New English-friendly film series spotlights classics of Czechoslovak-era cinema

Kino Lucerna's project kicks off with Miloš Forman’s debut feature, followed by a film banned during communism that won accolades after 1990.

Ioana Caloianu

Written by Ioana Caloianu Published on 09.02.2023 12:00:00 (updated on 09.02.2023) Reading time: 2 minutes

Starting next week, Prague’s Kino Lucerna is reacquainting audiences with classics of Czechoslovak film, which will screen in its small hall twice a month with English subtitles. The first two offerings are “Ucho” (The Ear) from director Karel Kachyňa, and internationally acclaimed director Miloš Forman’s first film, “Černý Petr” (Black Peter).

After communist ban, ‘The Ear’ earns accolades at Venice International Film Festival

Made in 1970, the psychological drama was banned by communist authorities due to its subject matter. A collaboration between director Karel Kachyna and screenwriter Jan Procházka, the movie’s plot revolves around a deputy minister and his wife, who find an “ear,” meaning a listening device, in their home, a sign that they were being monitored. Set in the 1950s, the story references the political trials that purged the communist party elite during that decade. 

The film was made thanks to the liberalization in the 1960s that ended with the Prague Spring. Kachyňa said that he and Procházka were aware “we didn’t have much time,” according to Total Film.

Procházka incorporated his “knowledge of the environment and figures in the Communist Party apparatus” into the plot, whose power comes from the blurring of reality into an ominous atmosphere.

The movie was finally presented to the public in 1990. Additionally, its digitally restored version of the film received a world premiere last year at the prestigious Venice International Film Festival, in the Venice Classics section, after which it was shown in cinemas throughout the Czech Republic. 

‘Black Peter’ shows the sorrows and joys of 1960s youth

Forman’s 1964 debut is, at the same time, one of the best-known features of the Czechoslovak New Wave.
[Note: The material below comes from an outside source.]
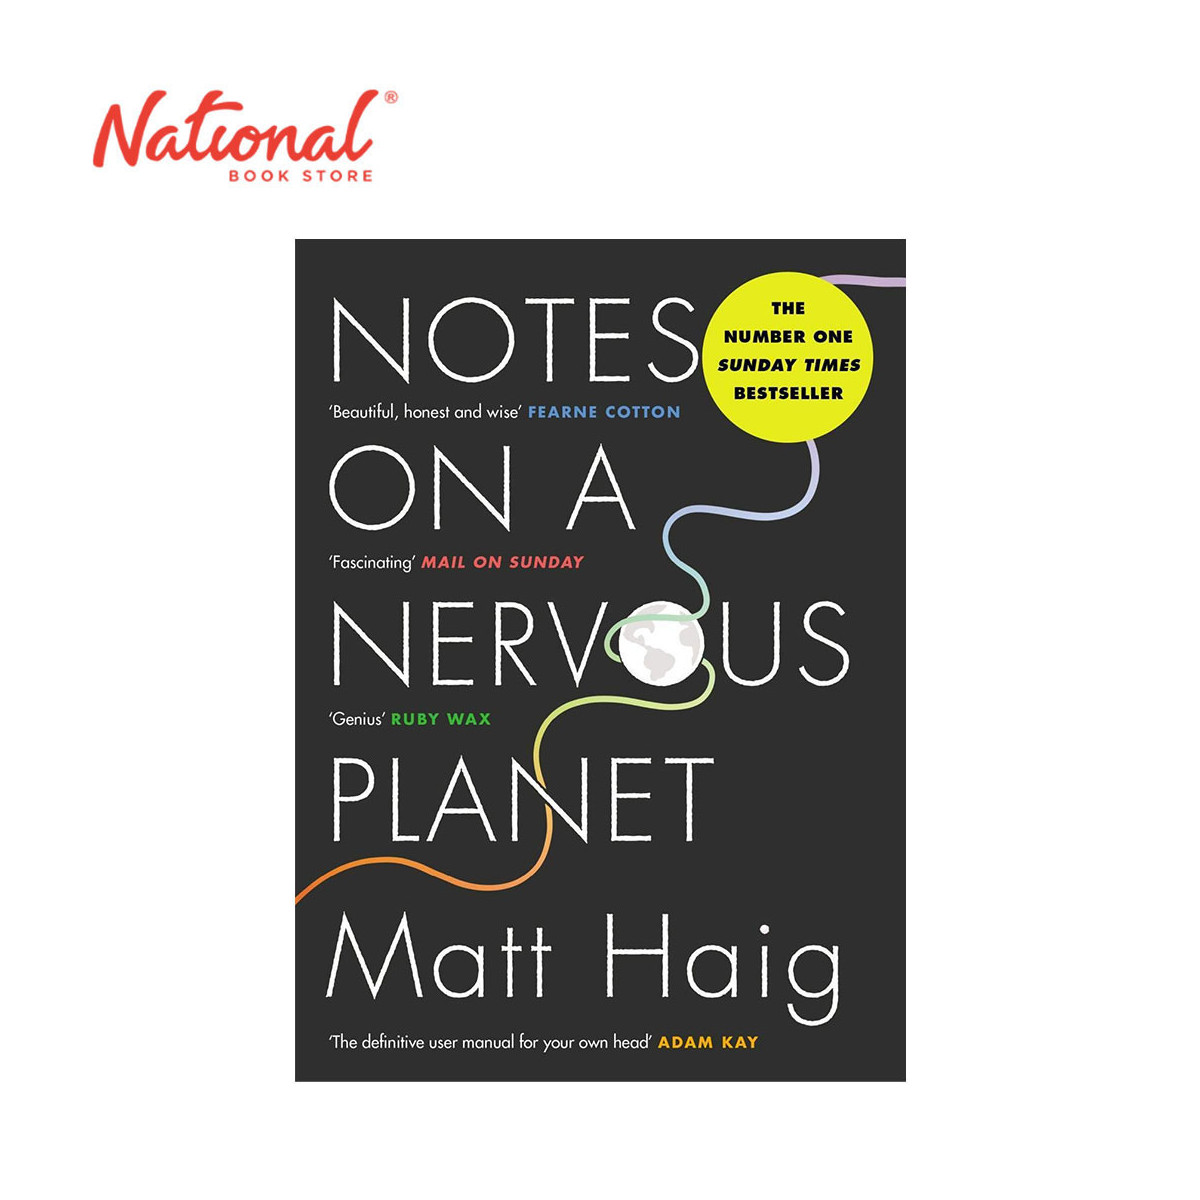 Notes On A Nervous Planet by Matt Haig - Trade Paperback - Critique & Literary Essays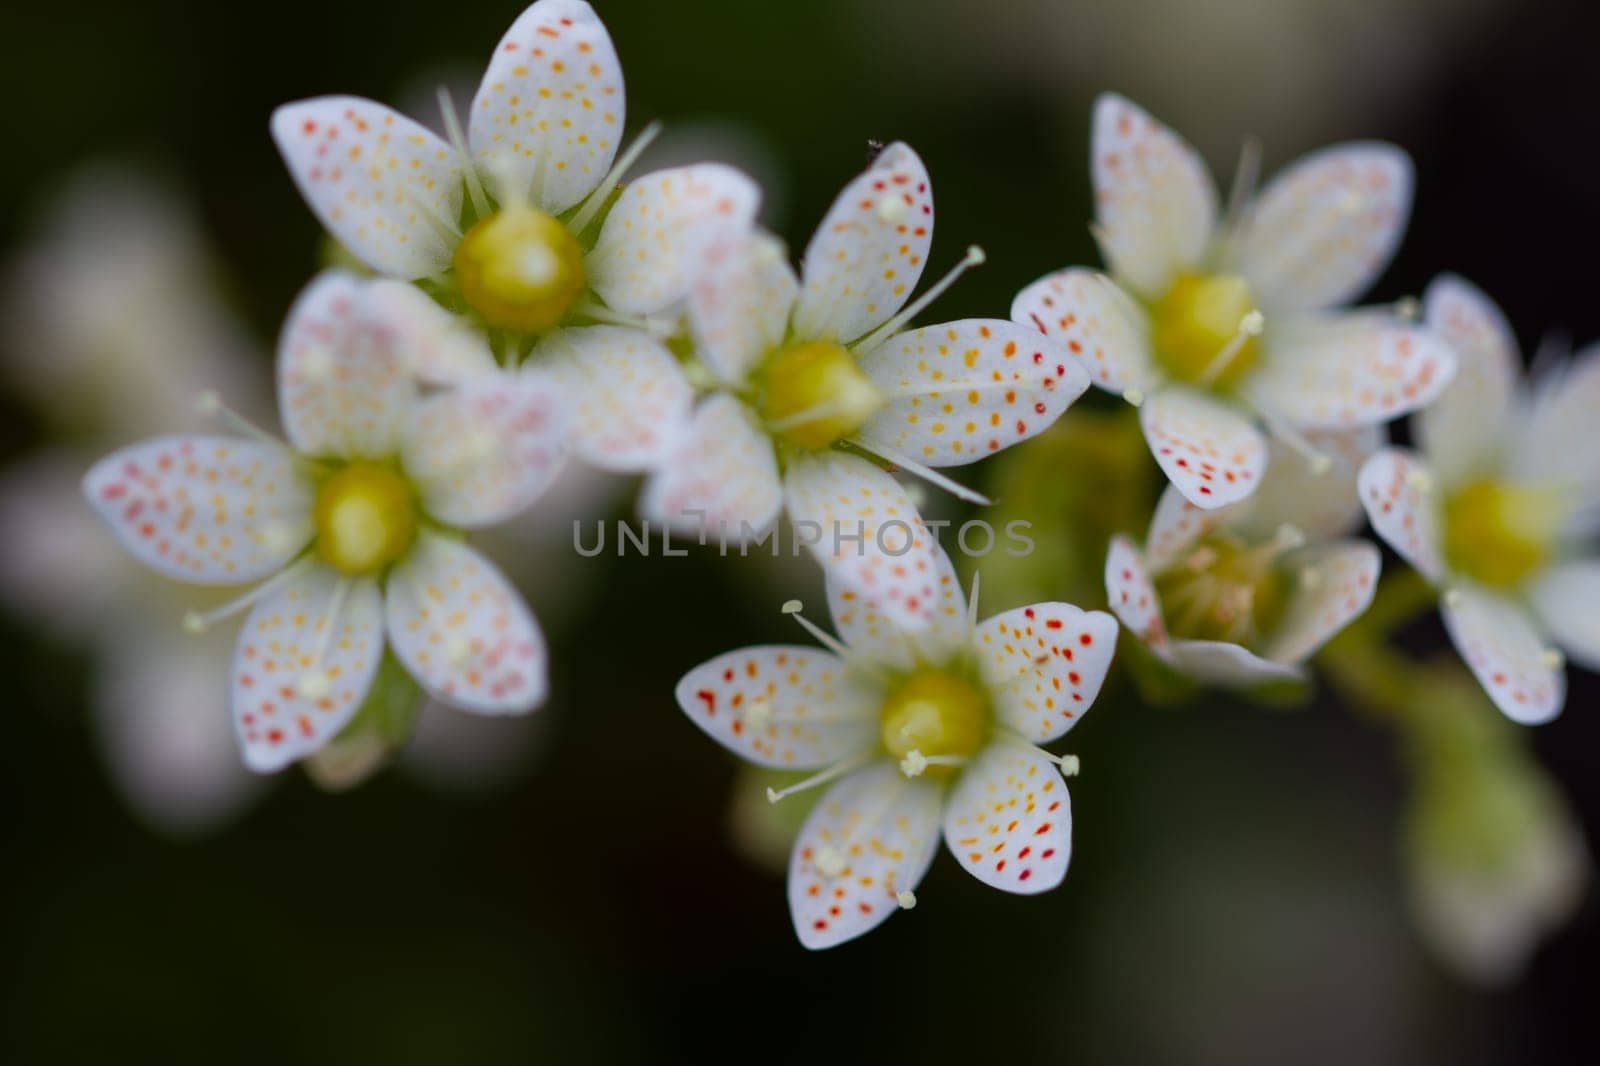 Prickly Saxifrage or Saxifraga tricuspidata, small cream coloured flowers with orange spots. Prickly saxifrage is a loosely matted perennial, that grows in large bunches, close to the ground. Arviat, Nunavut, Canada

Its protagonist, 16-year-old Peter, is spending his summer working as a salesman, although, in true teenager fashion, his mind is elsewhere – both on the fashionably-dressed young women who surround him, and also on his father’s reproaches.

Due to the film’s limited budget, Forman cast non-actors in some of the leading roles, which contributed to the air of authenticity that pervades dialogues and interactions. In the words of film critic Ivan Sviták, who praised the film’s “looseness and lightness,” stories that are part of the plot “are interwoven with documentary-style views that complete the atmosphere of 'fun' and the typology of characters."

To achieve that result, Forman said he never showed actors the script, but instead explained his vision of each scene. “I had to make sure they knew what it was about and how their characters felt about it,” Forman added.

The Made in Czechoslovakia Film series debuts at Kino Lucerna with "The Ear" on Feb. 16 and “Černý Petr” on Feb. 28. The series will continue next month, watch the cinema's web page for updates.